Living in a van? Are you out of your mind?

We've done the RV travel; now it's time to Vanabode!I bet you are having flashbacks of Chris Farley on Saturday Night Live talking about living in a van down by the river – right?

Before you conclude that living in a van is a ludicrous, wacky and absolutely crazy way to live and travel … hear me out. It’s a fun way to travel further, much easier and lots cheaper. And, it is a way to begin living to travel NOW!

Ask anyone what they would do if time and money were no object and 95% would answer, “TRAVEL!”

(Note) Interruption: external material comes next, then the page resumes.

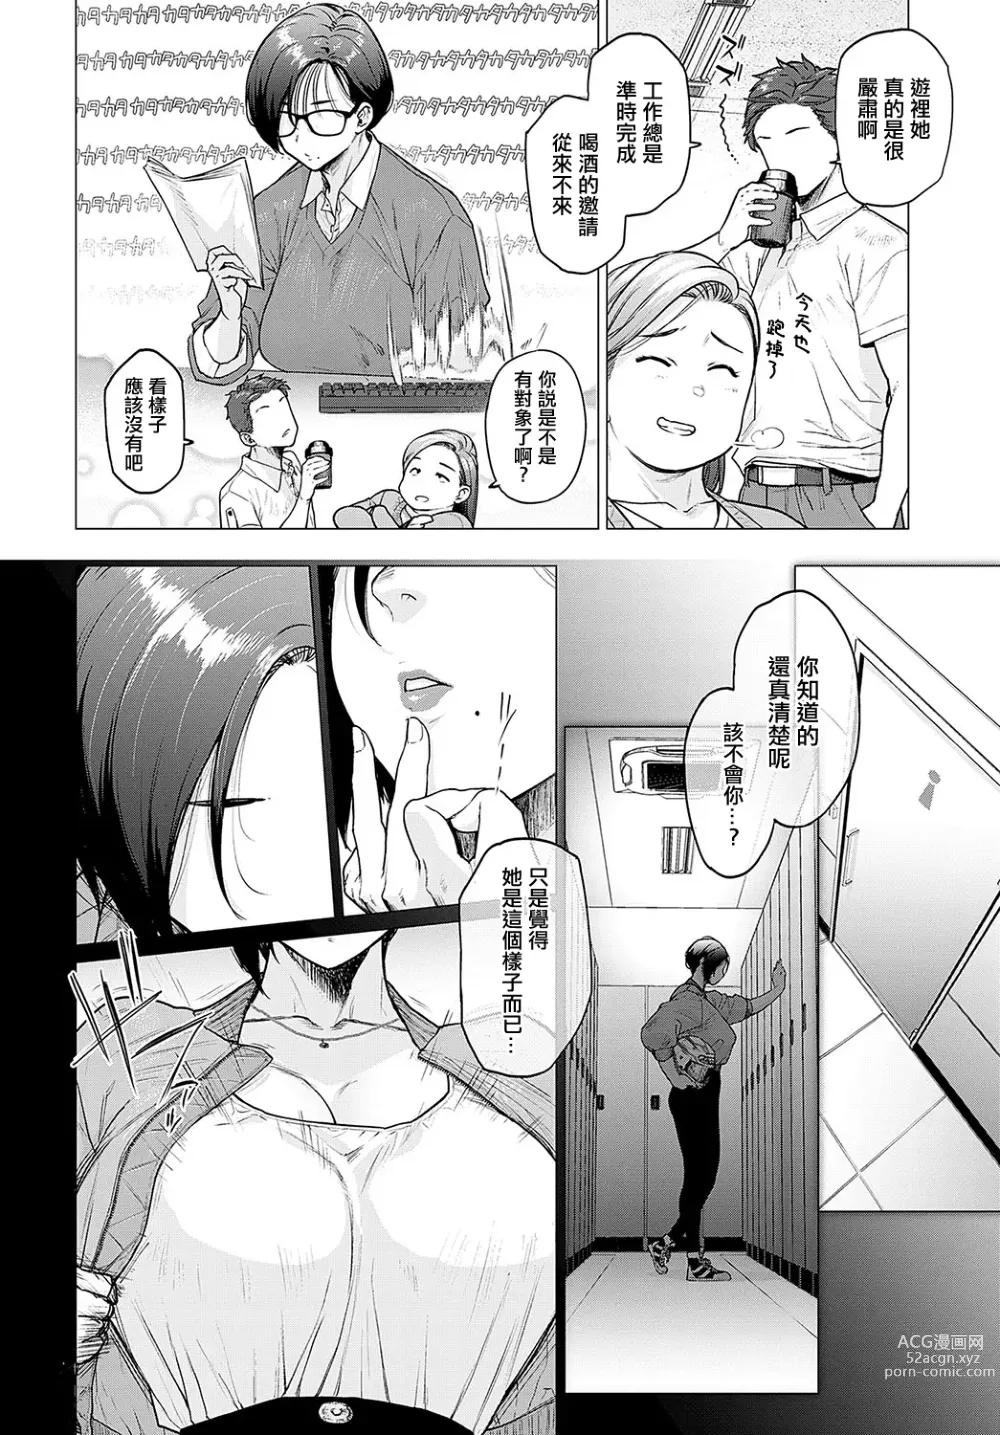 Page 2 of manga Kore ga Watashi no Solo-katsu Life

And yet, most people have a distorted perspective of what it means to travel. A two week vacation to Hawaii does require you to travel there, but it’s only a temporary escape and an expensive travel experience that ends as soon as you walk back in your front door after a long flight home, sit the luggage down and heave a big sigh, because it’s back to the routine, the same ol’, same ol’ life, day in and day out.

Without a doubt, you had a wondrous time in Hawaii and have pictures to keep the memories alive. But within a short time of being back in the rat race, it feels like you never really were away and you begin to long for the next vacation … which won’t happen for another year.

Meanwhile, you work your ass off to either pay for the vacation you just had or to save up for next year’s trip. Maybe next year, you’ll just go to Florida because Hawaii was quite the expensive vacation. In 2015, a one-week  “budget” trip to Hawaii cost approximately $5000 for a couple compared to $1120 for a “budget” vacation in Florida for one week. So Florida it is … but it is still a year away.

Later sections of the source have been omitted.